Luckily, last week a volunteer emailed me to come here for a couple of weeks and he has been labouring on my behalf in exchange for full bed and board.  He’s from Germany, only twenty-seven and has much more flexibility, strength and stamina than I have so he's great for the work that has to be done. 

So far he’s helped clear up the cuttings from the long laurel hedge, cleaned out the chick house, brought in logs, cleared the large flower bed in the garden and some of the raised veggie beds and virtually finished in the polytunnel.  The weather has been dreadful since he arrived on Monday late afternoon so it’s been handy having the possibility of working in the shelter of the polytunnel.   The log trolleys have been filled and covered on the terrace in case of really bad weather so I have a ready supply.  The garden furniture still needs to be collected up and stored inside.
The last of the berries, which were on the honeysuckle, next to my postbox in the wall, have been stripped by various visiting birds.
On Tuesday, 19 November, we had our first fall of snow here in St André, preceded sleet and hail.  It only lasted for fifteen minutes but was proper snowflakes floating down to the ground – the earliest we’ve had it since I’ve been in Brittany I think.
Wednesday saw me in St Brieuc for an appointment with my gastric surgeon.  He was pleased with the healing of my giant abdominal scar.  I still have two tiny leaking holes but he didn’t seem think there was any infection or anything else to worry about so that’s reassuring.
On my way to the field today I realised that a pungent smell reaching my nostrils must be a goat tethered somewhere on the lane.  I found him by the calvaire.
I am always amazed at how strong the smell is from uncastrated goats and from how far away it can reach my nostrils.
The horse chestnut near my house has lost so many leaves now and the ones that are left have changed colour to a lovely light rust.

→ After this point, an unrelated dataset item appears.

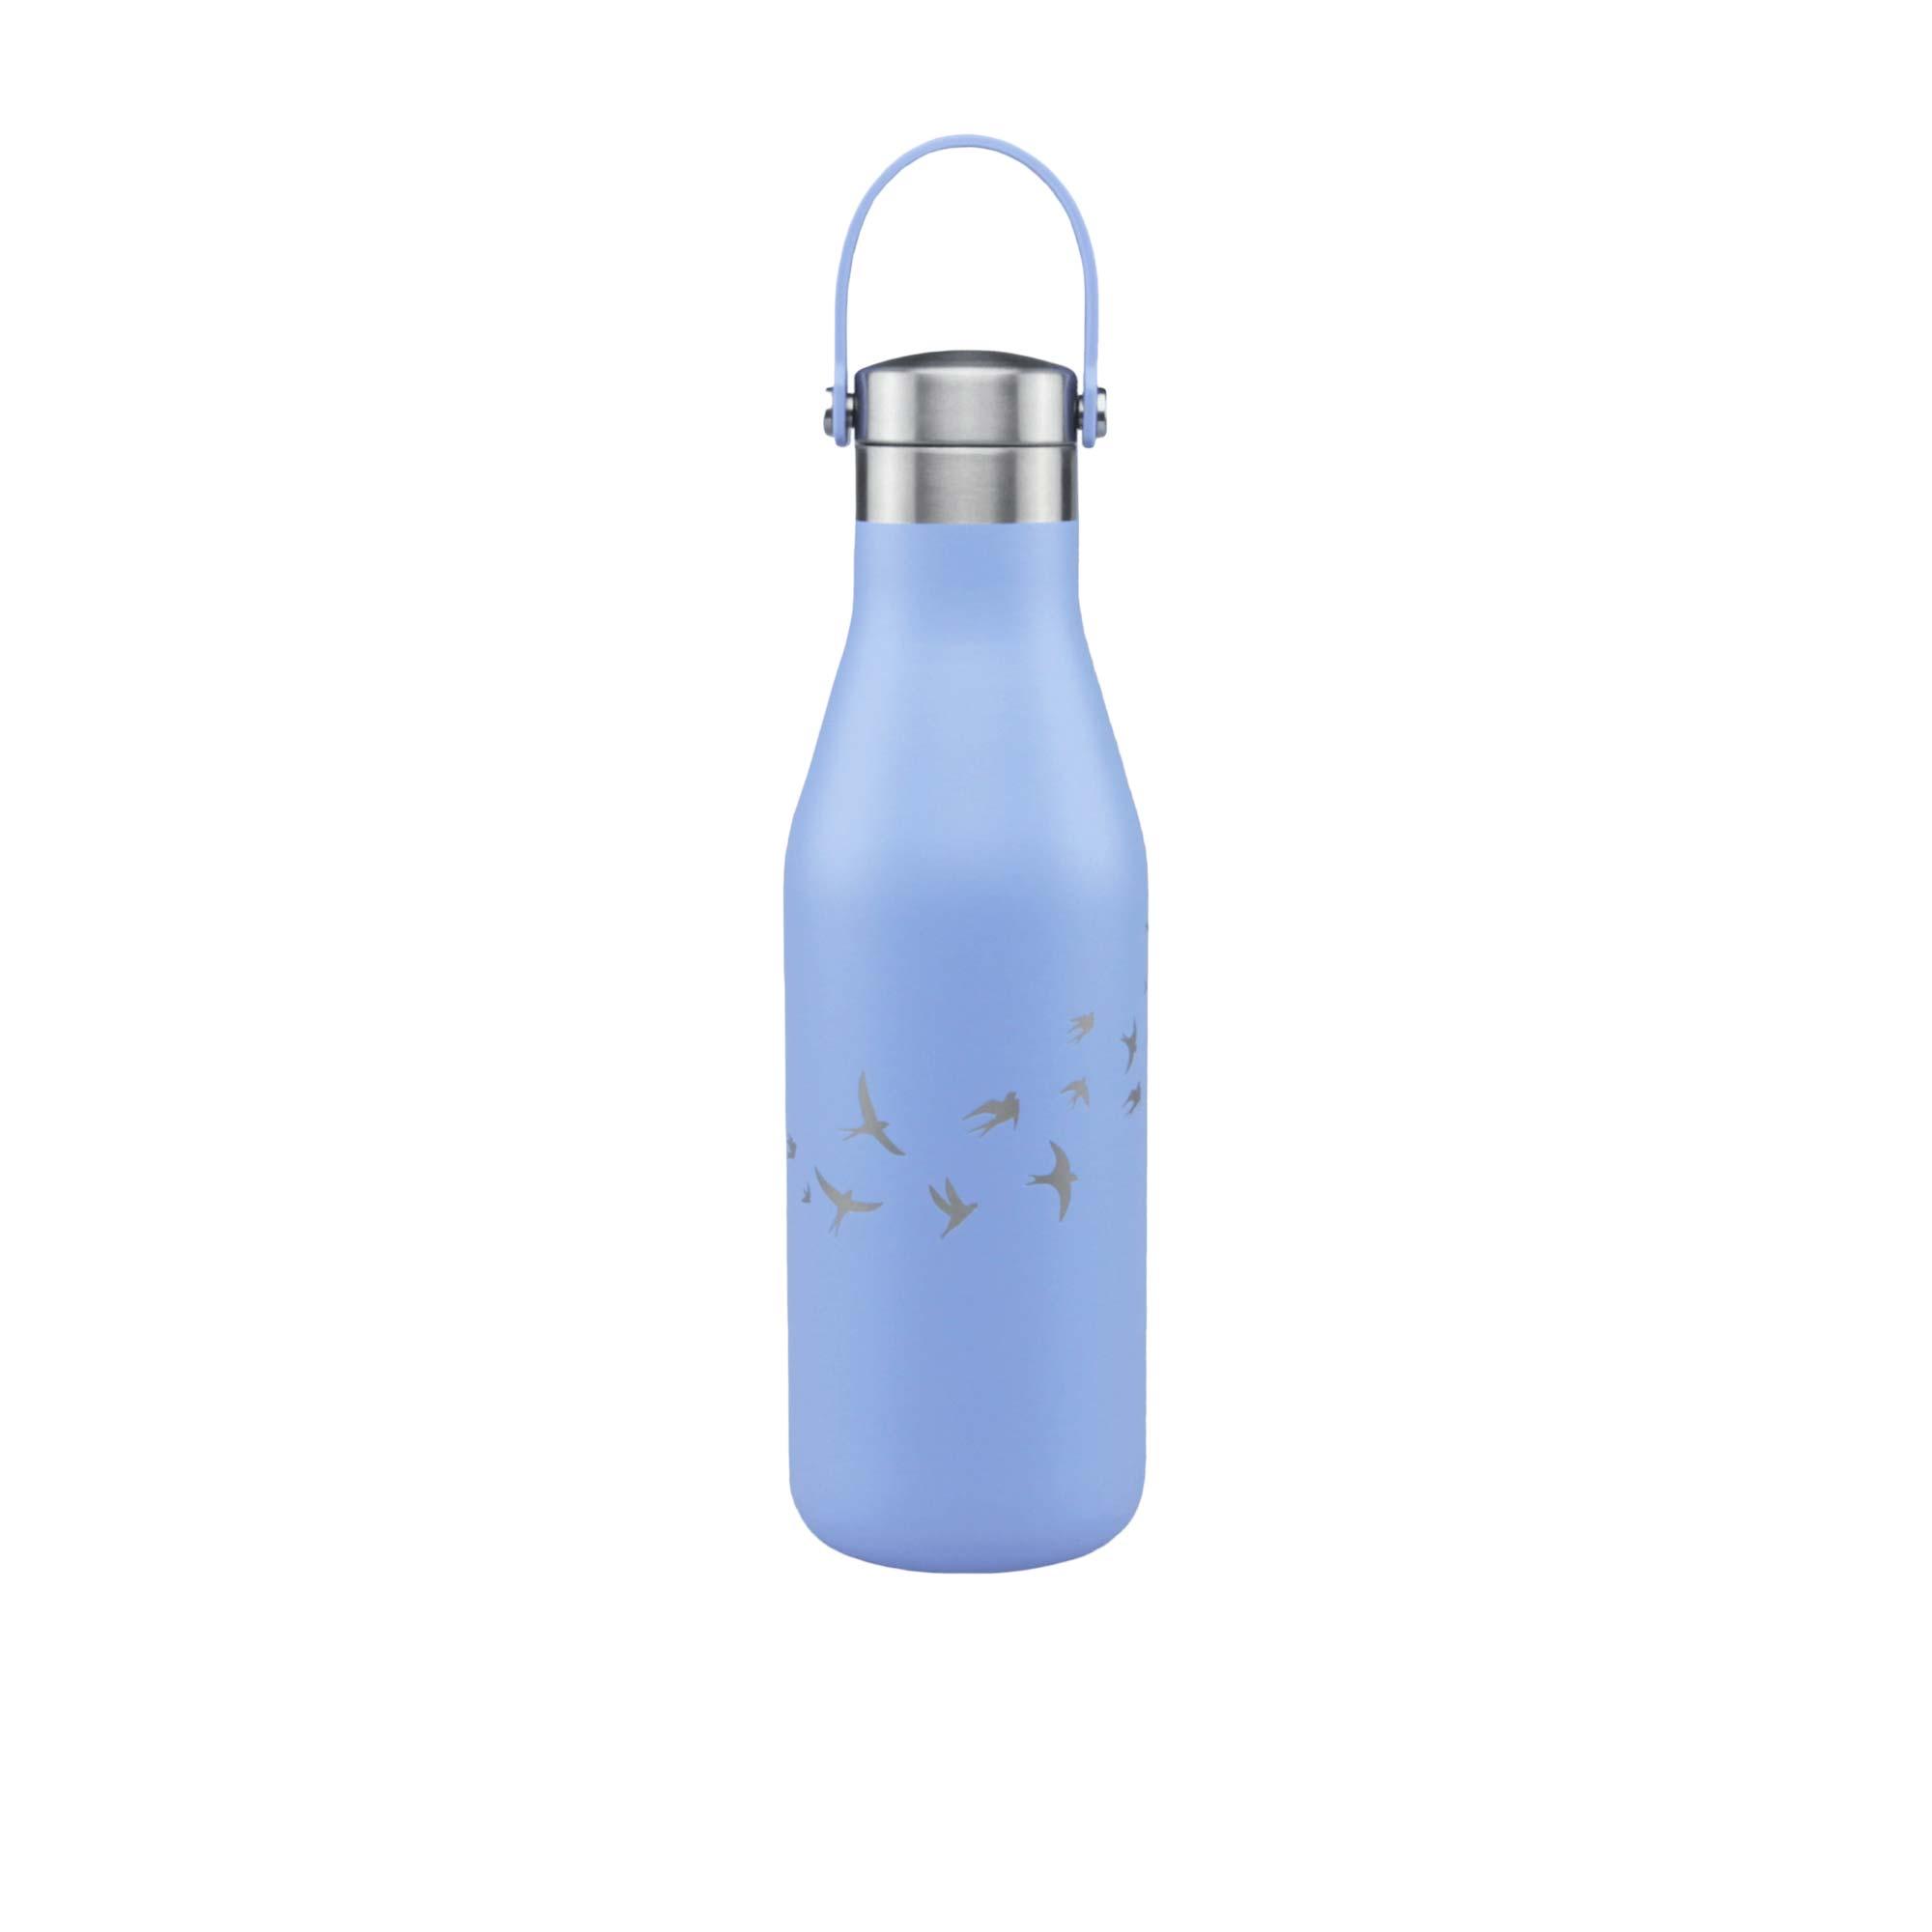 Ohelo Insulated Drink Bottle 500ml Blue Image 3

Underfoot there are so many sweet chestnuts in and out of their prickly cases.  My volunteer, Christian, has gathered a huge container full.  I love their polished shells and the way they fit together neatly in their protective casing.
The hedgerows are topped with bracken, making graphic statements against the sky - I love the images.

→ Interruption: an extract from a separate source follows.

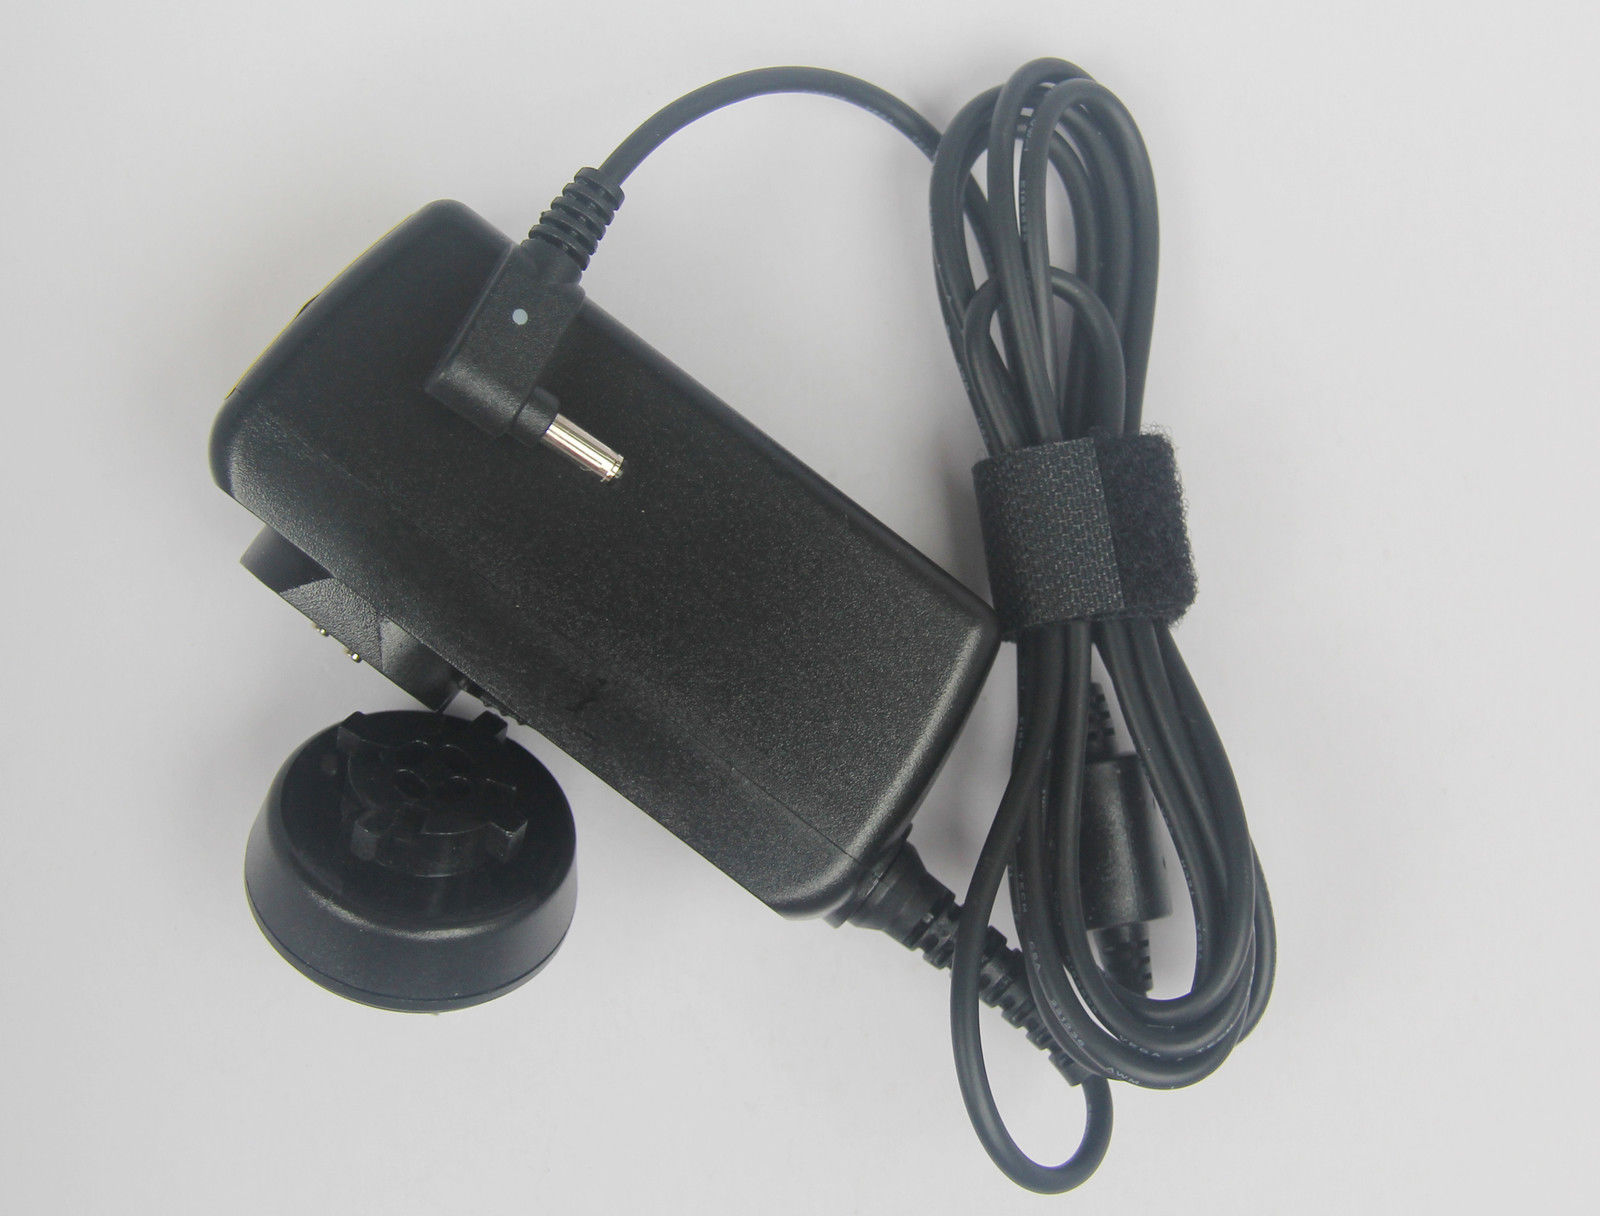 19v 1.75a ASUS PA1330-39 ac adapter laptop charger for Asus E403S E403SA notebook PC

The last of the tomatoes have been picked before the vines were given to the chickens to pick over. 
They have also been enjoying chickweed which covered the empty raised veggie beds.
Chilli peppers and capsicums, squashes and courgettes are being stored in the polytunnel until needed.
I have mixed feelings about this time of year.  I thought everything seemed to be dying away but when I look, I see nasturtians and antirrhinums still in bloom on the driveway and several shrubs have little green shoots appearing. 
Three things I like:
1.   Booking a table in a restaurant I haven't tried before for Sunday lunch with a friend.
2.   Getting the garden and field area tidied up.